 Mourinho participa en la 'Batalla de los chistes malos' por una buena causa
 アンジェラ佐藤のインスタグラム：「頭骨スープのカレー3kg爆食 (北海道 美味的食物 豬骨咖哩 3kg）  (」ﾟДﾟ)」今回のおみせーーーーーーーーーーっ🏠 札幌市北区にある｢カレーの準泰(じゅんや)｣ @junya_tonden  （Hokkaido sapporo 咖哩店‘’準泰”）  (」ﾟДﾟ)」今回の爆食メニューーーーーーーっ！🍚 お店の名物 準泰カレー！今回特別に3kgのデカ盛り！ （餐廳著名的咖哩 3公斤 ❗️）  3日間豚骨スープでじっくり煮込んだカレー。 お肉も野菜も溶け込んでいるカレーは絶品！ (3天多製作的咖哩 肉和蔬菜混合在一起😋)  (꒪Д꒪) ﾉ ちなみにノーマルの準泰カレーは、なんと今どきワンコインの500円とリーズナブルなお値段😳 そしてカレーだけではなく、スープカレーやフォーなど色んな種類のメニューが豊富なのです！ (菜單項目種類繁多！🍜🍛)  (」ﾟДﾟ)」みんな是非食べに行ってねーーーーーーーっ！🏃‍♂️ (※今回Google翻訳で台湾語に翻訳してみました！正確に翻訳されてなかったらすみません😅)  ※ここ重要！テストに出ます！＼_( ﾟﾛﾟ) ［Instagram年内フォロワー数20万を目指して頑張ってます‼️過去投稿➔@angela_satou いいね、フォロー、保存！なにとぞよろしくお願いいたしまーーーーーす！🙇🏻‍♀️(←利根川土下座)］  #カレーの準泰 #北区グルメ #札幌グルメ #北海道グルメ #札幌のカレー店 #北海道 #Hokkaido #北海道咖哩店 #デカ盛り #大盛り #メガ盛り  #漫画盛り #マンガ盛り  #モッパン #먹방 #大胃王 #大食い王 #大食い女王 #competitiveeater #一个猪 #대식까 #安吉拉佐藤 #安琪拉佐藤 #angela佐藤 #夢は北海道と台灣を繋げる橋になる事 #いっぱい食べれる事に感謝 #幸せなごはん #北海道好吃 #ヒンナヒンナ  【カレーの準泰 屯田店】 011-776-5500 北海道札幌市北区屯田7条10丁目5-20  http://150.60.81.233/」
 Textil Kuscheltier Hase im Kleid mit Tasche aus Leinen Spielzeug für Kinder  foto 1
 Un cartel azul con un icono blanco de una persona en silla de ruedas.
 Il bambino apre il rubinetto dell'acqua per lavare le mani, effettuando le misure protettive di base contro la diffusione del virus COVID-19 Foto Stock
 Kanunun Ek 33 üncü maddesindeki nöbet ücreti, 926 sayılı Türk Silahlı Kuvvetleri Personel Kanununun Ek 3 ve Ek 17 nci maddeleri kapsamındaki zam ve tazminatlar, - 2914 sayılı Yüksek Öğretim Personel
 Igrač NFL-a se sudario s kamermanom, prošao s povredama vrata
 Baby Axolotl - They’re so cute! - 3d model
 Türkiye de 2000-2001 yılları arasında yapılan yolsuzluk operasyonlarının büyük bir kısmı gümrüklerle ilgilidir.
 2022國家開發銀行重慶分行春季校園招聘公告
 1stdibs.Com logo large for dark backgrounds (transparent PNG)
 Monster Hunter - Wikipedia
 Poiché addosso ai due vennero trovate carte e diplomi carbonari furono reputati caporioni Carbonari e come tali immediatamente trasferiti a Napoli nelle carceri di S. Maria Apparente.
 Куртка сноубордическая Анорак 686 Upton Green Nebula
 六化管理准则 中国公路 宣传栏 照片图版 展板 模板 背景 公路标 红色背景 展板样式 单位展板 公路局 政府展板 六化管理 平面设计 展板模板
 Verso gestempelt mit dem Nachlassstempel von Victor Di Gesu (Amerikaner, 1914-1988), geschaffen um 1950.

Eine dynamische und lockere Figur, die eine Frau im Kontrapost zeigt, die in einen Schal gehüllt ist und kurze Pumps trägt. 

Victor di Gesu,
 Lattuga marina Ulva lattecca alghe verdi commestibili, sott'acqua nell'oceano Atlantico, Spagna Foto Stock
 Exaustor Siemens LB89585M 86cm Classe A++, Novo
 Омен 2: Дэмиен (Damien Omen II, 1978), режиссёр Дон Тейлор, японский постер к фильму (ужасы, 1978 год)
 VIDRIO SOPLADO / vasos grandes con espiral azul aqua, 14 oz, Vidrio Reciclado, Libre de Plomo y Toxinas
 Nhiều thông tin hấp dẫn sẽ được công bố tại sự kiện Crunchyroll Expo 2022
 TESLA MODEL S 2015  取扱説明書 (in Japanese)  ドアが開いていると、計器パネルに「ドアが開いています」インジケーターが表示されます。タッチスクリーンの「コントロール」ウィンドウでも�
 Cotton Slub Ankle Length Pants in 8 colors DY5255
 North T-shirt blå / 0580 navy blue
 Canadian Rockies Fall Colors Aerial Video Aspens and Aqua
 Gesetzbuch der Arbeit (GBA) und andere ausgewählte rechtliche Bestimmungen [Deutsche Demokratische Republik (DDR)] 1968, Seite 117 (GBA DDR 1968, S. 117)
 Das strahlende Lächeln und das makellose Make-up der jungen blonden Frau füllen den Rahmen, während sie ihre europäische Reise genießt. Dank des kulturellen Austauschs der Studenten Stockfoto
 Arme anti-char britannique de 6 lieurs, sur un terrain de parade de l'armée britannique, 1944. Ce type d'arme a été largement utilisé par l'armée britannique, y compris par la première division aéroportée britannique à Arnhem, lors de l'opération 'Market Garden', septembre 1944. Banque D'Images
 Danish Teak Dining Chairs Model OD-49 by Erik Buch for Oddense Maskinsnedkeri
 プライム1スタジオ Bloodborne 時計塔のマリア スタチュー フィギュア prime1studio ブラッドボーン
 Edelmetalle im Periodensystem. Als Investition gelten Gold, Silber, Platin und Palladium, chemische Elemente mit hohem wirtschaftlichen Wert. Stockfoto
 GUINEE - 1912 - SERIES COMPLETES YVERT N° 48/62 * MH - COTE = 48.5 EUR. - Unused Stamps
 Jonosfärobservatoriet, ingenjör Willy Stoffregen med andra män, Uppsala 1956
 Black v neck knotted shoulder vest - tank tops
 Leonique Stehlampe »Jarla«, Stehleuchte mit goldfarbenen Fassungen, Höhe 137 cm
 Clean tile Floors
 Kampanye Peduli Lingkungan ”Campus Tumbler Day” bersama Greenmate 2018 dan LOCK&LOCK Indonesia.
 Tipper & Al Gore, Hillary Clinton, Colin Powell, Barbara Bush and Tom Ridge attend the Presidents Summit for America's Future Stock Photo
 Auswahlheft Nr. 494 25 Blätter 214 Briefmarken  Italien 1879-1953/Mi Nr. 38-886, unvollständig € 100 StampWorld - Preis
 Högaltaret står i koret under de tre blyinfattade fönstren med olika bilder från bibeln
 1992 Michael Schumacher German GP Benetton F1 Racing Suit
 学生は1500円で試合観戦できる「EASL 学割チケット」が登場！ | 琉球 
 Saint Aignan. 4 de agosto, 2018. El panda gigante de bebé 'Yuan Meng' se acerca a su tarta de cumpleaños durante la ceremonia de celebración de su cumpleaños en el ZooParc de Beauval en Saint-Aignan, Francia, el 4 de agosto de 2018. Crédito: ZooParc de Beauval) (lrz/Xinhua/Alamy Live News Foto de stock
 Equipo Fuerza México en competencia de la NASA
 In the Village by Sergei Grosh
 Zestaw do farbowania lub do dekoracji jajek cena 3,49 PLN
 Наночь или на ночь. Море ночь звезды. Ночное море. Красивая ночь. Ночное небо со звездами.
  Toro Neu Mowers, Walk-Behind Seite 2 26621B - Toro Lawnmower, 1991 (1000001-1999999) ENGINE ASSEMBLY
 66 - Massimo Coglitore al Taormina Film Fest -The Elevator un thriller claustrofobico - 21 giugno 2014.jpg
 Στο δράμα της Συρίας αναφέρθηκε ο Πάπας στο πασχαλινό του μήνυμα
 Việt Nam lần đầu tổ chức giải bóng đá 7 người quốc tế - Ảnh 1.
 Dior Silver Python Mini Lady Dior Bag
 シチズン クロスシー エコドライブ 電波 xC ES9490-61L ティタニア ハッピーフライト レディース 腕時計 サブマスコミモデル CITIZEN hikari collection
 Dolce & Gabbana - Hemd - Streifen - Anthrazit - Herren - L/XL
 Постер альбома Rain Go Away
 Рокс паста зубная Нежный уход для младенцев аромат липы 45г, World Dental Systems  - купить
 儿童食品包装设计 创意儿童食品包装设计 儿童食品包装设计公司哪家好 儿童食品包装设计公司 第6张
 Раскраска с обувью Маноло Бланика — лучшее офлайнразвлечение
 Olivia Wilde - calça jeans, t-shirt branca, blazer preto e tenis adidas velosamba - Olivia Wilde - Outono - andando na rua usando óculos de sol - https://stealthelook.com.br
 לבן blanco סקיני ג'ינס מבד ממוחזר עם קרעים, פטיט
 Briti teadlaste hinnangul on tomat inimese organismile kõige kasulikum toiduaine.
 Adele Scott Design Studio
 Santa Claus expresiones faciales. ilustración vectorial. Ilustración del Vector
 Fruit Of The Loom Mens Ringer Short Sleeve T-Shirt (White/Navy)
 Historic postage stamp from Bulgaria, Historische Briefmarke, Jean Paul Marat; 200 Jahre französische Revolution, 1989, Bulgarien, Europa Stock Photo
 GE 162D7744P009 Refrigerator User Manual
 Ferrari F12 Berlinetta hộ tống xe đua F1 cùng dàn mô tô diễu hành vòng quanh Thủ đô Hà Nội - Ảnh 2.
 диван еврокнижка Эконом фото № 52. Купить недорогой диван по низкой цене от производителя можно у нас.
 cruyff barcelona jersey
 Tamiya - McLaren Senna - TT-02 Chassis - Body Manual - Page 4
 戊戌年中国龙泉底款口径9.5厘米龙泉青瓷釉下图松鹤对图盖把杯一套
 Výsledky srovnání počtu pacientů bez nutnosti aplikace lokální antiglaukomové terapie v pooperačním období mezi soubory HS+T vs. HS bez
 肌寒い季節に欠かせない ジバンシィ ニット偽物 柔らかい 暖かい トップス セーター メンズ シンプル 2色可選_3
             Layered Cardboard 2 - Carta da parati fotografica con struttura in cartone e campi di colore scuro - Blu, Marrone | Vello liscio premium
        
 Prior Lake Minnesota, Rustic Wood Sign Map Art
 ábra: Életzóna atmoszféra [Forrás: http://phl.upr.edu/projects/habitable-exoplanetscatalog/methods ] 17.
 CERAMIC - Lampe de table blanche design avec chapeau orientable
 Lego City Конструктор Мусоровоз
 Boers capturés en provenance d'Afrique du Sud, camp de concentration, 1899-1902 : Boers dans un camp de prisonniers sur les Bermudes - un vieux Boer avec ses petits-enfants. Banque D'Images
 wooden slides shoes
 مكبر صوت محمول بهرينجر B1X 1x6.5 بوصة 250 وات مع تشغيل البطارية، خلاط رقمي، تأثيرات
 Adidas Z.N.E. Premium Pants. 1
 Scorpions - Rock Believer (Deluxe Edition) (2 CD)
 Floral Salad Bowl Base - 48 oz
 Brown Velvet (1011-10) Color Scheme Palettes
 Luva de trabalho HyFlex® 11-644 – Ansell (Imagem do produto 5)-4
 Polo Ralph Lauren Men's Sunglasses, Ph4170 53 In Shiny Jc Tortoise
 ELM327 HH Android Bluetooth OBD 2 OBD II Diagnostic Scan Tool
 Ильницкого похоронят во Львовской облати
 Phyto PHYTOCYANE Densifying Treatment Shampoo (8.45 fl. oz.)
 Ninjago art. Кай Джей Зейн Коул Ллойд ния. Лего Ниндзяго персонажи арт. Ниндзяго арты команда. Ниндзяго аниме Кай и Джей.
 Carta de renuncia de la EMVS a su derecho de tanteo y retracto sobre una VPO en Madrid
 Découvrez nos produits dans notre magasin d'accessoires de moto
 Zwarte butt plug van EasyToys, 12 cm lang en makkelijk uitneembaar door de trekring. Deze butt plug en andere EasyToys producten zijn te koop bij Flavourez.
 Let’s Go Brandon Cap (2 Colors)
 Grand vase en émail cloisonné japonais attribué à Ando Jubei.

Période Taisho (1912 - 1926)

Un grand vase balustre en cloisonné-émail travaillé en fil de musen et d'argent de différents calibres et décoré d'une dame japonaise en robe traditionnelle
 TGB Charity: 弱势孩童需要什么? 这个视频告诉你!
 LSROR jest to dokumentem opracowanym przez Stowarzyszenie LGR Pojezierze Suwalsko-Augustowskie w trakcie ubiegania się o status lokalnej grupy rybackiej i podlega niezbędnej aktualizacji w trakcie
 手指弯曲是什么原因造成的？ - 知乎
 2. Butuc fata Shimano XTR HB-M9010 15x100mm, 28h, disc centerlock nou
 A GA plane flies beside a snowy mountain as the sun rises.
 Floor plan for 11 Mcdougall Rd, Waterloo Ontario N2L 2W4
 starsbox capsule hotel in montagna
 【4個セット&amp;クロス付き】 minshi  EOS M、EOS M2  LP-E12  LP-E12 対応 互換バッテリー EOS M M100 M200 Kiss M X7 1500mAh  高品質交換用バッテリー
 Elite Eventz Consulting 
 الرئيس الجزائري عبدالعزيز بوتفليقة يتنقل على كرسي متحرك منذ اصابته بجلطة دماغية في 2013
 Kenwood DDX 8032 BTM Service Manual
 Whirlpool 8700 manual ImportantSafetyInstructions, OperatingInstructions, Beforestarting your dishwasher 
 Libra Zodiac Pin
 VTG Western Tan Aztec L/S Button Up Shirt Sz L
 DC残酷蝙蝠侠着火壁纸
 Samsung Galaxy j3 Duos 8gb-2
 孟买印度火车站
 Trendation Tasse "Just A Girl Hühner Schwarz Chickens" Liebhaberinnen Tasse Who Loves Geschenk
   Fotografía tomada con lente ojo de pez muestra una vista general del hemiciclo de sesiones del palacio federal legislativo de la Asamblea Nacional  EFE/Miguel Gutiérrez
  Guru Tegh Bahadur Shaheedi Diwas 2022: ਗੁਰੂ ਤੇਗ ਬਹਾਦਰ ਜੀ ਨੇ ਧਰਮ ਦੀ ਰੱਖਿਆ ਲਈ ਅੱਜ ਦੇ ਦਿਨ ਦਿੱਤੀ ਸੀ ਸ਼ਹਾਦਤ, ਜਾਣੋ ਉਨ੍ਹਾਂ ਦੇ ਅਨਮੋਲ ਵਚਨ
##########
In the listing above, locate the line containing "North T-shirt blå / 0580 navy blue" and the line containing "学生は1500円で試合観戦できる「EASL 学割チケット」が登場！ | 琉球", then transcribe both and every line between them verbatim.

▶ Written response:
 North T-shirt blå / 0580 navy blue
 Canadian Rockies Fall Colors Aerial Video Aspens and Aqua
 Gesetzbuch der Arbeit (GBA) und andere ausgewählte rechtliche Bestimmungen [Deutsche Demokratische Republik (DDR)] 1968, Seite 117 (GBA DDR 1968, S. 117)
 Das strahlende Lächeln und das makellose Make-up der jungen blonden Frau füllen den Rahmen, während sie ihre europäische Reise genießt. Dank des kulturellen Austauschs der Studenten Stockfoto
 Arme anti-char britannique de 6 lieurs, sur un terrain de parade de l'armée britannique, 1944. Ce type d'arme a été largement utilisé par l'armée britannique, y compris par la première division aéroportée britannique à Arnhem, lors de l'opération 'Market Garden', septembre 1944. Banque D'Images
 Danish Teak Dining Chairs Model OD-49 by Erik Buch for Oddense Maskinsnedkeri
 プライム1スタジオ Bloodborne 時計塔のマリア スタチュー フィギュア prime1studio ブラッドボーン
 Edelmetalle im Periodensystem. Als Investition gelten Gold, Silber, Platin und Palladium, chemische Elemente mit hohem wirtschaftlichen Wert. Stockfoto
 GUINEE - 1912 - SERIES COMPLETES YVERT N° 48/62 * MH - COTE = 48.5 EUR. - Unused Stamps
 Jonosfärobservatoriet, ingenjör Willy Stoffregen med andra män, Uppsala 1956
 Black v neck knotted shoulder vest - tank tops
 Leonique Stehlampe »Jarla«, Stehleuchte mit goldfarbenen Fassungen, Höhe 137 cm
 Clean tile Floors
 Kampanye Peduli Lingkungan ”Campus Tumbler Day” bersama Greenmate 2018 dan LOCK&LOCK Indonesia.
 Tipper & Al Gore, Hillary Clinton, Colin Powell, Barbara Bush and Tom Ridge attend the Presidents Summit for America's Future Stock Photo
 Auswahlheft Nr. 494 25 Blätter 214 Briefmarken  Italien 1879-1953/Mi Nr. 38-886, unvollständig € 100 StampWorld - Preis
 Högaltaret står i koret under de tre blyinfattade fönstren med olika bilder från bibeln
 1992 Michael Schumacher German GP Benetton F1 Racing Suit
 学生は1500円で試合観戦できる「EASL 学割チケット」が登場！ | 琉球 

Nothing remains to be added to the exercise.